Run a qoute. It varies by states, covereages, ect.

WHen I was under 25. I was paying 240 a month for crap coverages and $500 deductables.

Now I pay $111 a month for 100/300, maxed medical, 500 collission, 0 comp, vanished deductables, and accident forgiveness.

No acccidents on file, but I have a speeding ticket from 07 for 15+ and careless driving in 08 for doing doughnuts in an empty partking lot.

I also have good credit.


----------



## Poncho Dan (Jun 30, 2009)

Find the VIN of the car you're going to buy and get a free quote online.


----------



## Nate (Mar 17, 2010)

$90 a month, 3 accidents. ask me how so cheap?? i have no idea ha


----------



## nron (Jul 28, 2009)

Get quotes online.

There are a lot of factors so each person will be different. I get a discount through State Farm for having Home Insurance through them. I have my car as a leisure driver where it is driven less than 6500 miles a year. No accidents, 1 stop sign ticket. 100/300 w/500 deductible and I am at 65 a month and I turn 25 next month.......


----------



## RunksGoat (May 16, 2010)

Call or get free quotes online. You'd be surprised at how different each company's rates can be so make sure you take time to explore all the options. I just got a 2005 GTO and am 24 years old. I have 2 speeding tickets from 07, max coverage, and I have a 1990 camry insured too and I pay $130/mo. Good credit definitely helps but your best tool is taking the time to research.

Good luck!:cool


----------



## GTO JUDGE (May 14, 2005)

Avoid being baited by SAFE AUTO and those other minimum rate insurance companies. If you go with them and feel great you are paying so little........ and are involved in an at fault accident, you'll find out in a hurry why those places should not be in business. The false sense of security they offer is a hell of a price to pay when you are dragged into court and sued because your policy won't come close to covering medical and property damages. 

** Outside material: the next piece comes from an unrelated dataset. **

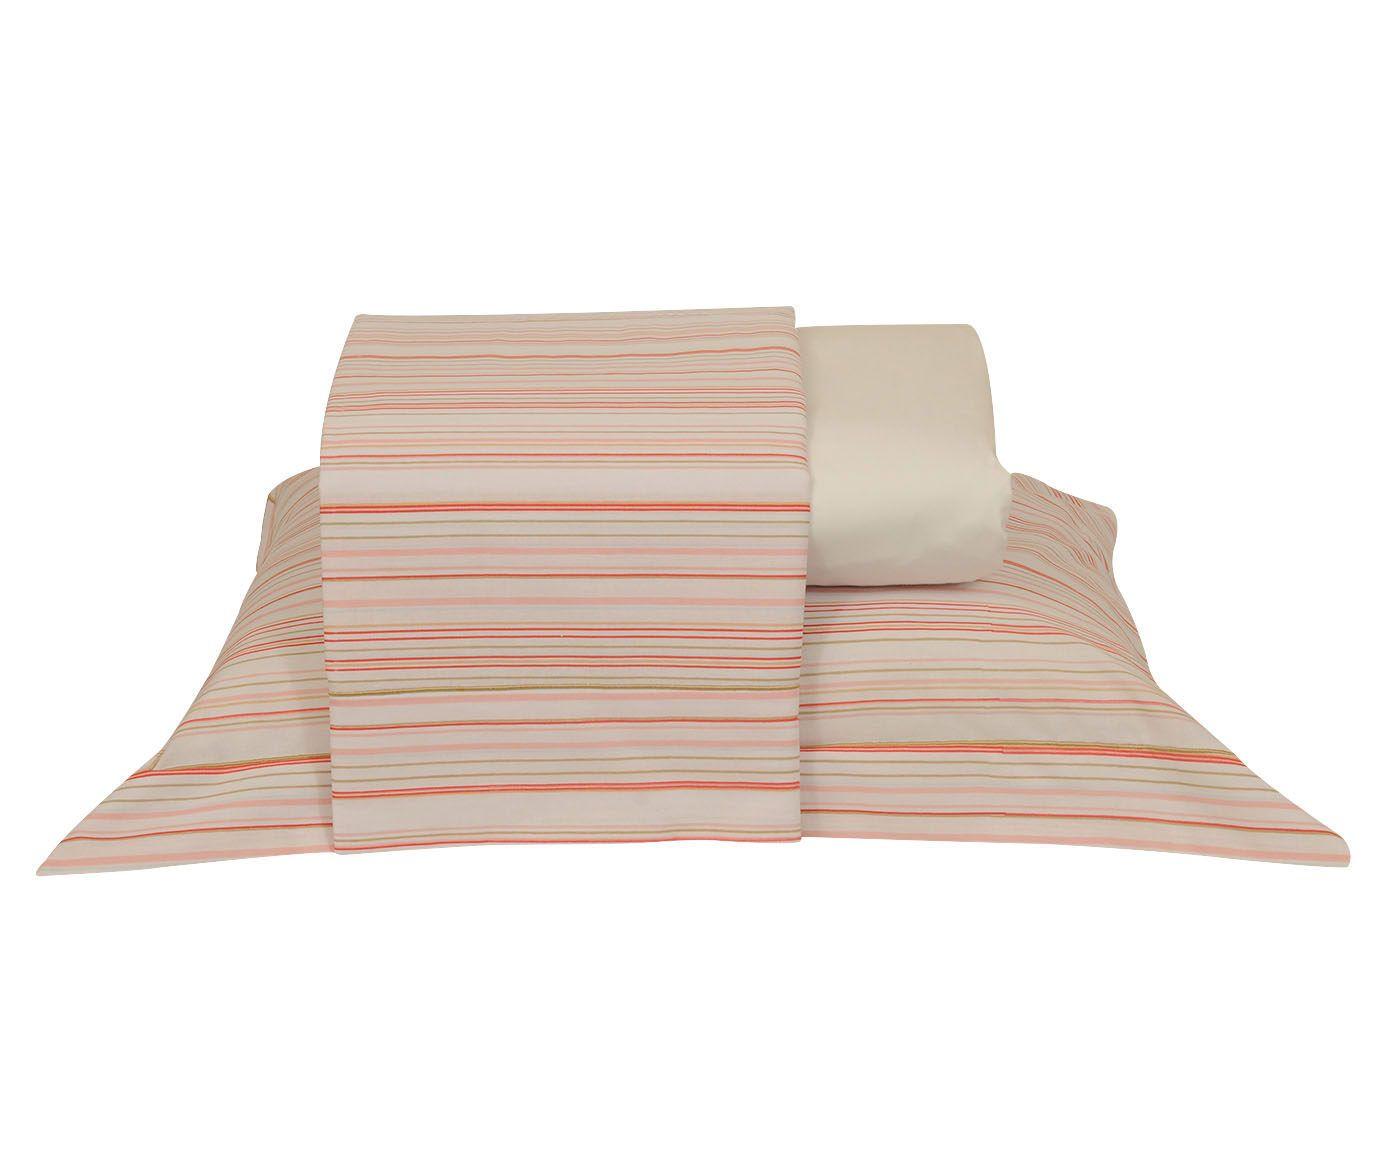 Jogo de lençol versatt stripes para cama king size 150 fios- ritz | Westwing.com.br

Those insurance companies are the big reason why we all have to pay under insured premiums. 

Make sure you are adequately covered.


----------



## SlapshotDR (Jul 2, 2010)

Alright....heres what I ended up gettin for insurance......USAA gave me a quote of 183 per month for full coverage on both an 05 GTO and my 92 jeep cherokee. The broker at the hyundai dealer said that my quote with USAA was better than anything she could get by about 40 bucks a month......thanks for your service dad and all you other military guys too...lol


----------



## HP11 (Apr 11, 2009)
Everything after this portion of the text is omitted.